The CVSS Trap: Why Vulnerability Severity Scores Break Down In Your Environment

At some point, every security team has had this conversation: the scanner reports a CVSS 9.8 critical vulnerability in a dependency, the engineering team asks how urgent it is, and nobody has a good answer. Half the team wants to drop everything and patch immediately. The other half suspects the finding is lower priority in their specific context but cannot articulate why. Both are right, in different ways — and the confusion stems from a fundamental misunderstanding of what CVSS actually measures.

CVSS — the Common Vulnerability Scoring System — is not a risk score. It was never designed to be. It is an exploitability and impact characterisation of a vulnerability in a generic, attacker-agnostic context.
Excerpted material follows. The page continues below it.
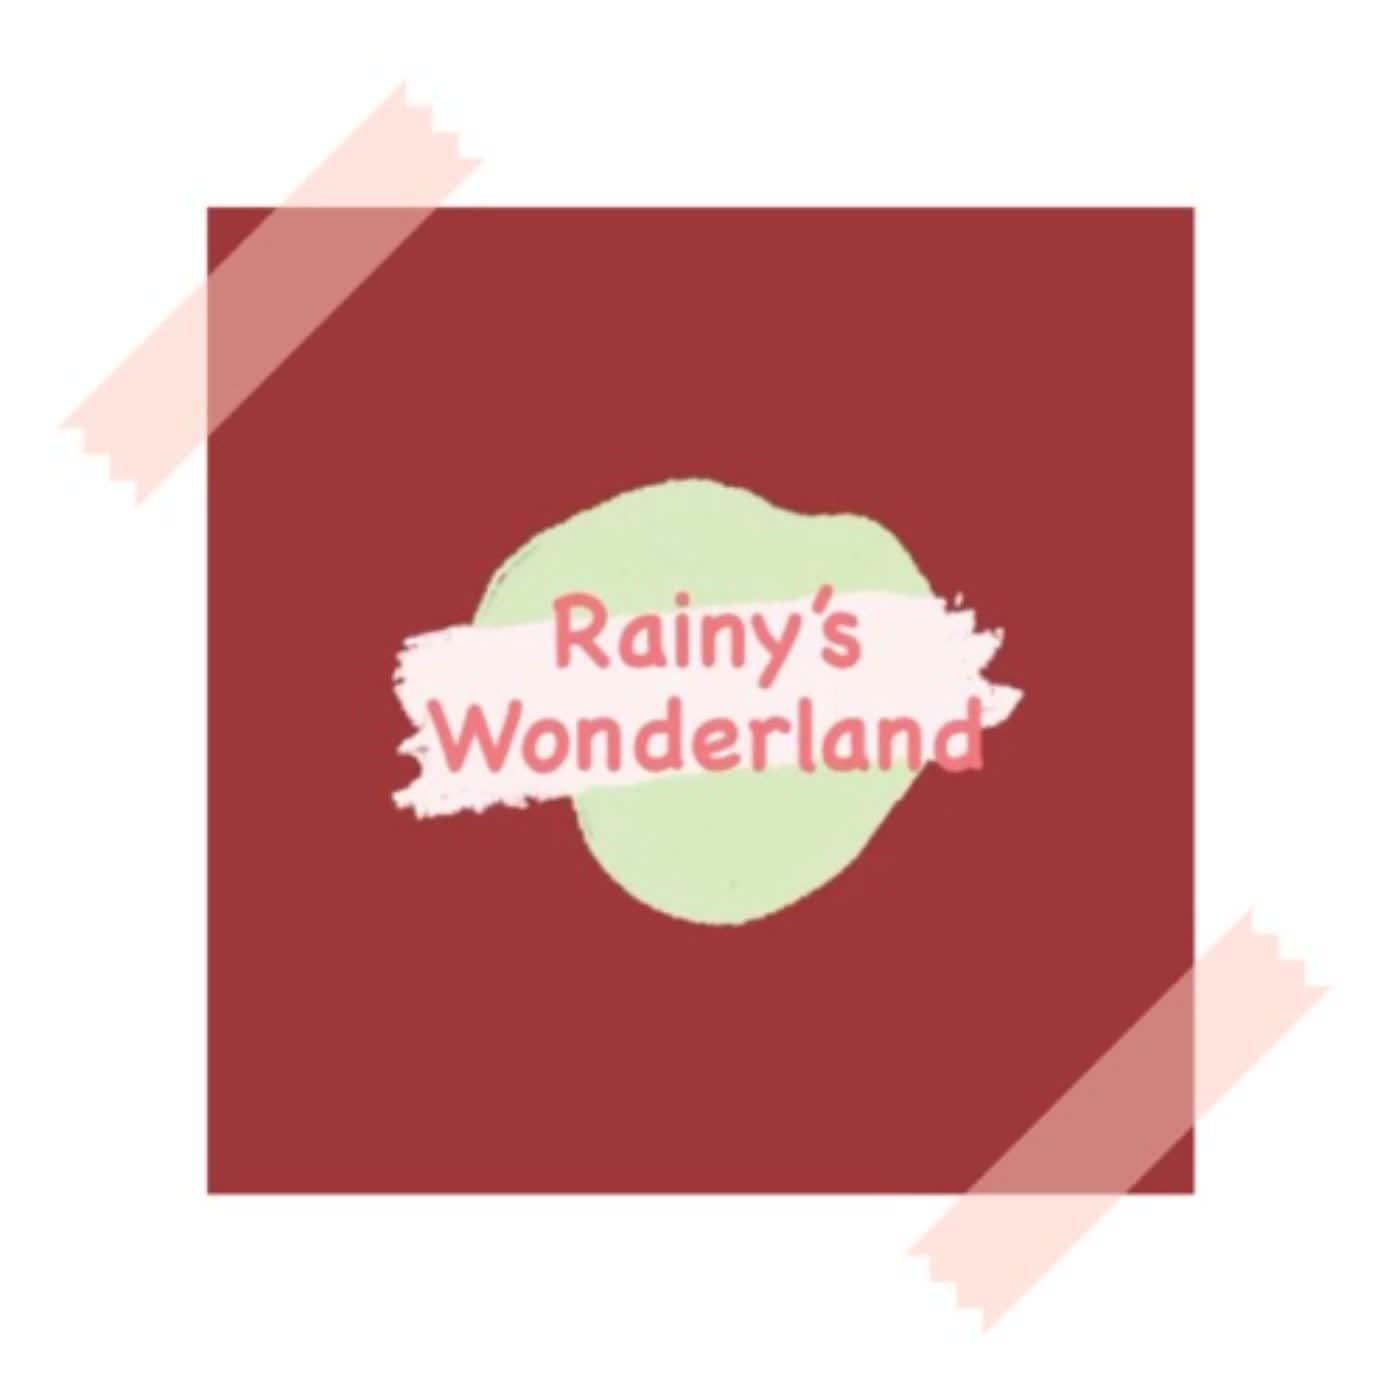 Rainy's Wonderland
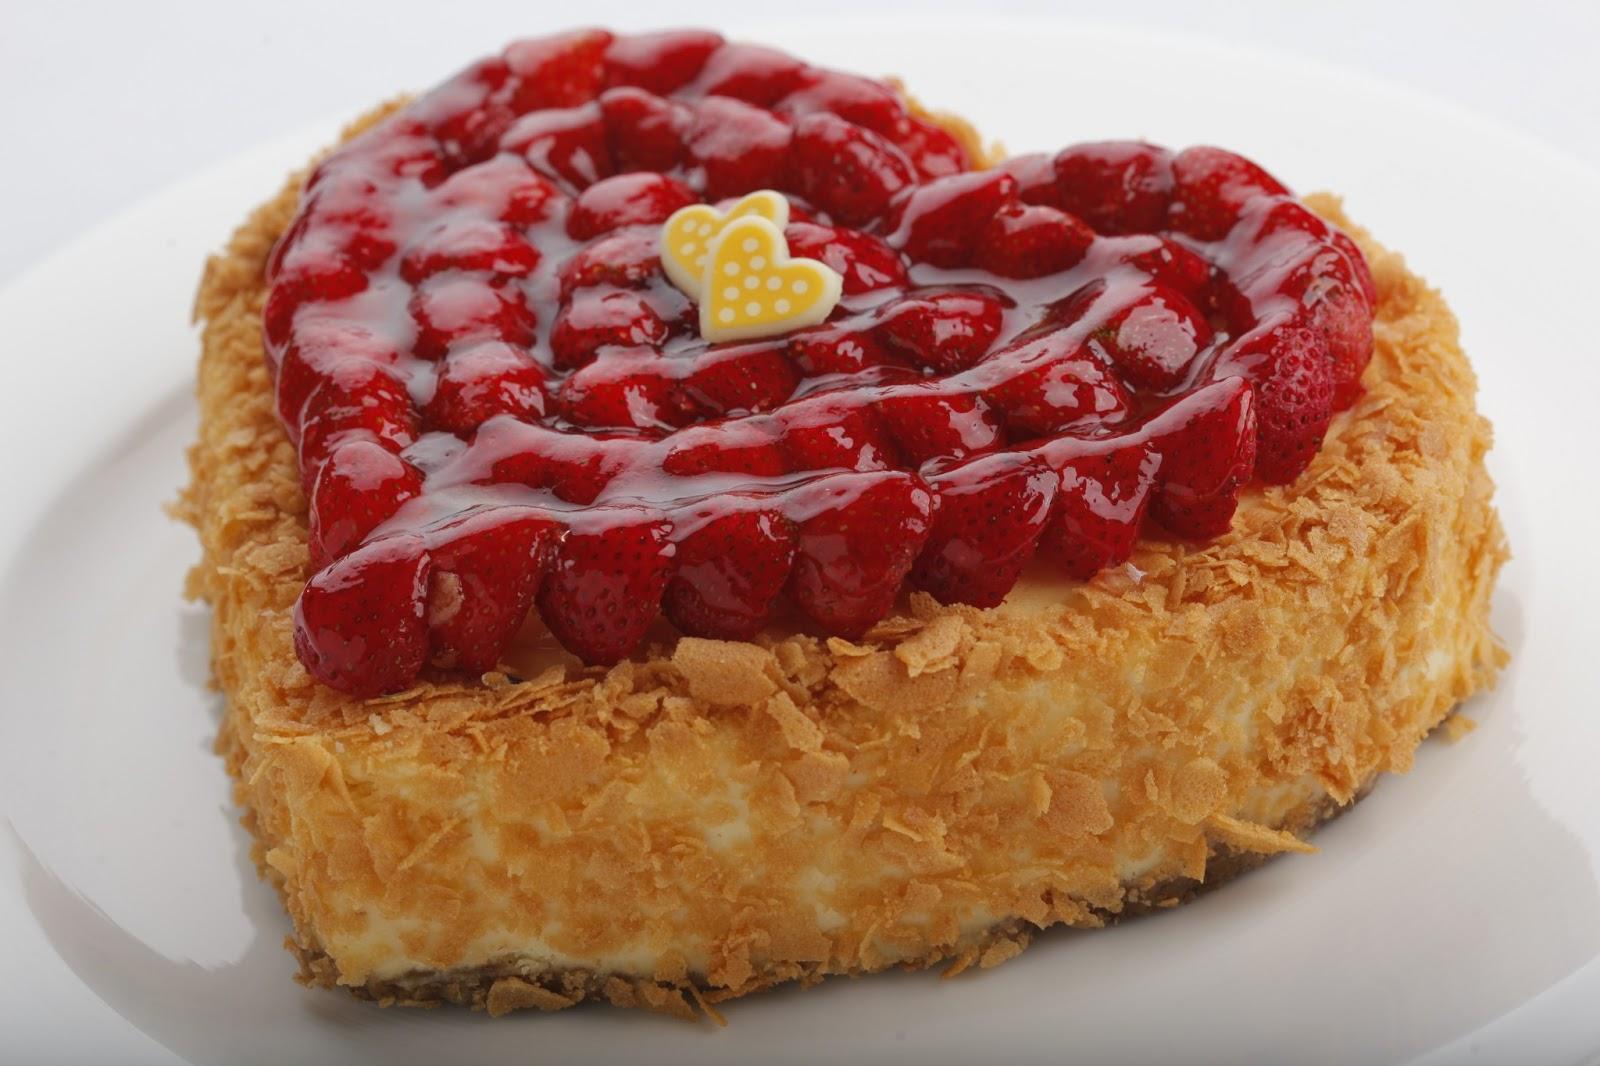 ... almond cheesecake jpg strawberry almond cheesecake strawberry almond

The distinction matters enormously when you are deciding which of 300 scanner findings to remediate this sprint.

What CVSS actually measures — and what it does not

A CVSS v3.1 Base Score is computed from eight metrics: Attack Vector, Attack Complexity, Privileges Required, User Interaction, Scope, Confidentiality Impact, Integrity Impact, and Availability Impact. Every one of these metrics describes the vulnerability in isolation, evaluated against a hypothetical default deployment.

"Attack Vector: Network" means the vulnerability can be exploited over a network — it says nothing about whether your network exposes this component to untrusted callers. "Privileges Required: None" means no authentication is needed to trigger the exploit — it does not account for whether you have a WAF, an API gateway with rate limiting, or a VPN in front of the affected service.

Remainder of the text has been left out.